Work request →
Each line from the one containing "How Rich Is MSNBC Host Rachel Maddow?" to the last line of the listing below must be reproduced exactly, and nothing more.
-=-=-=-=-
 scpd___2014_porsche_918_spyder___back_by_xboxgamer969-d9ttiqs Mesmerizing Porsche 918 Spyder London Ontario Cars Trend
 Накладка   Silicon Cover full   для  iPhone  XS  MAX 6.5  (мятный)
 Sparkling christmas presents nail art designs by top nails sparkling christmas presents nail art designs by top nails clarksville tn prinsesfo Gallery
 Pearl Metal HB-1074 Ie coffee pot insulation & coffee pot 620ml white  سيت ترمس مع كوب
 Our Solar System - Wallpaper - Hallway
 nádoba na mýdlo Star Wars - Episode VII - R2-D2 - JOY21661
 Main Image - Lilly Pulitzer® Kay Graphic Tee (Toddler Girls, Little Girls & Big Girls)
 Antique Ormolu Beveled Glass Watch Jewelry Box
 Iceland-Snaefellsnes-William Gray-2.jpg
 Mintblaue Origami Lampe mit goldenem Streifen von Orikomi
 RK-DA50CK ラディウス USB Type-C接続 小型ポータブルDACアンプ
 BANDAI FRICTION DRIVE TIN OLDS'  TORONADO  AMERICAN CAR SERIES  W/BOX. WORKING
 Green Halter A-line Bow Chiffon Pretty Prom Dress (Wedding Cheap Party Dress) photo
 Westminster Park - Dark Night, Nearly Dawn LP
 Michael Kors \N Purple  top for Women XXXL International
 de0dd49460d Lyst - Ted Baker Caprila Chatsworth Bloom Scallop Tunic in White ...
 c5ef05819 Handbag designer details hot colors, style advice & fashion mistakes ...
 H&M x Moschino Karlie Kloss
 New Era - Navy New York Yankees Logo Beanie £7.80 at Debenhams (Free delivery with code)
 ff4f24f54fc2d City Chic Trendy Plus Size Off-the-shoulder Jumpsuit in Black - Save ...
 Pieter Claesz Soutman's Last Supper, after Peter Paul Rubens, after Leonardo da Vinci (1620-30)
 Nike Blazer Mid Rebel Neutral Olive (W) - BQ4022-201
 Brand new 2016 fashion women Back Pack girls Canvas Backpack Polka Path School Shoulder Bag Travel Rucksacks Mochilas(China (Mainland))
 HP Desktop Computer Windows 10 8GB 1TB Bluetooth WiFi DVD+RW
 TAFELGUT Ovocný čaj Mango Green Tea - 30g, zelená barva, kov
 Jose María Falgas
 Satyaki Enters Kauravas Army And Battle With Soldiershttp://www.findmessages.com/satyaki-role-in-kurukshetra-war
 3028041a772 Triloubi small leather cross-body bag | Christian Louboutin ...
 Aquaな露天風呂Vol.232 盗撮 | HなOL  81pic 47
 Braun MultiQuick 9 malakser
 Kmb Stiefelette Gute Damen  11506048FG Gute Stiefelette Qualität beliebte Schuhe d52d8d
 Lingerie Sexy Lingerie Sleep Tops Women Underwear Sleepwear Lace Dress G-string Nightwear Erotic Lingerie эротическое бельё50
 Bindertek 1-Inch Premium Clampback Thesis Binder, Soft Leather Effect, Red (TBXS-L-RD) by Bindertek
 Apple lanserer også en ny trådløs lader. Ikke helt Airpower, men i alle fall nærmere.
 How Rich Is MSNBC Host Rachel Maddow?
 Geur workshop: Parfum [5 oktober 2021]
-=-=-=-=-
Exercise answer →
 How Rich Is MSNBC Host Rachel Maddow?
 Geur workshop: Parfum [5 oktober 2021]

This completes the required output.